Le jugement rendu par le juge des contentieux de la protection du tribunal judiciaire de Versailles le 16 janvier 2026 concerne un litige locatif opposant un bailleur social à sa locataire. Une clause résolutoire était insérée dans le bail du 4 mai 2021, et un commandement de payer avait été signifié le 10 octobre 2024. La locataire n’ayant pas apuré sa dette dans le délai de deux mois, le bailleur a saisi le juge pour voir constater la résiliation du bail et obtenir l’expulsion.

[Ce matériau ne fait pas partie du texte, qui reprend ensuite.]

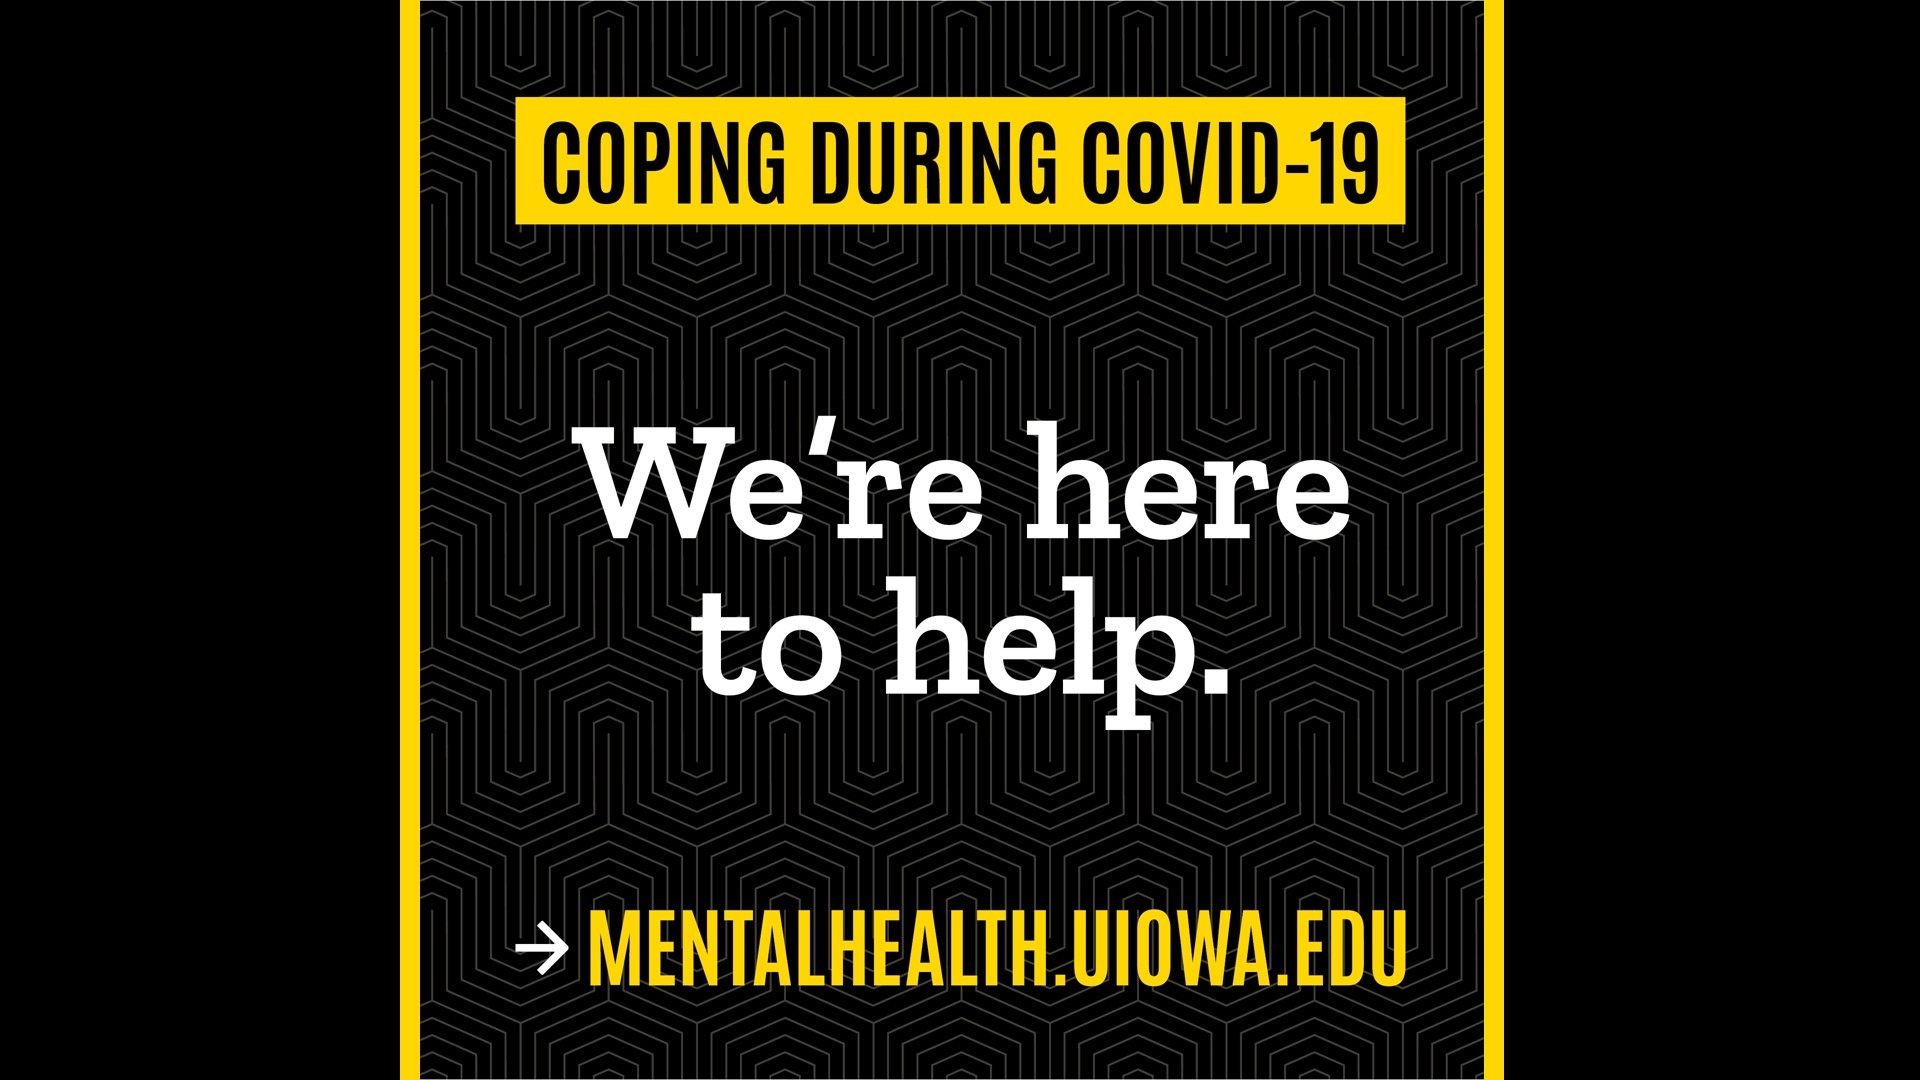 Coping during COVID-19. We're here to help. mentalhealth.uiowa.edu

La question centrale était de savoir si les conditions de l’acquisition de la clause résolutoire étaient réunies et si des délais de paiement pouvaient être accordés. Le juge a constaté l’acquisition de la clause résolutoire tout en suspendant ses effets par l’octroi de délais de paiement.
I. L’acquisition certaine de la clause résolutoire
Le juge vérifie d’abord la recevabilité de la demande avant de constater le jeu de la clause contractuelle. La bailleresse justifie avoir saisi la commission de coordination des actions de prévention des expulsions locatives et dénoncé l’assignation au préfet dans les délais légaux. Le commandement de payer délivré le 10 octobre 2024 vise expressément la clause résolutoire et reproduit les textes applicables. Le juge constate que la locataire n’a pas réglé la totalité de la somme due dans les deux mois suivant cet acte. Il en déduit que “les conditions de l’article précité étant réunies, il convient d’accorder des délais de paiement” après avoir préalablement établi l’acquisition de la clause. Cette solution est d’une valeur classique car elle applique strictement les conditions de l’article 24 de la loi du 6 juillet 1989. La portée de cette constatation est de permettre la suspension des effets de la clause résolutoire par l’octroi de délais.
II. La suspension conditionnelle des effets de la résiliation
Le juge subordonne la suspension des effets de la clause résolutoire au respect des délais de paiement accordés à la locataire. Il relève que la locataire a fourni d’importants efforts en versant notamment deux acomptes significatifs avant l’audience. Le bailleur ne s’opposant pas à cette mesure, le juge autorise un paiement échelonné de la dette en trente mensualités. Il précise que “les effets de la clause résolutoire seront suspendus pendant le cours des délais de paiement accordés”. Cette solution a le sens d’un équilibre entre le droit de propriété du bailleur et la protection de la locataire de bonne foi. Sa valeur est de rappeler le caractère conditionnel de la suspension qui cède en cas de non-respect des échéances. La portée de cette décision est d’offrir une seconde chance à la locataire tout en maintenant la menace de l’expulsion comme sanction ultime.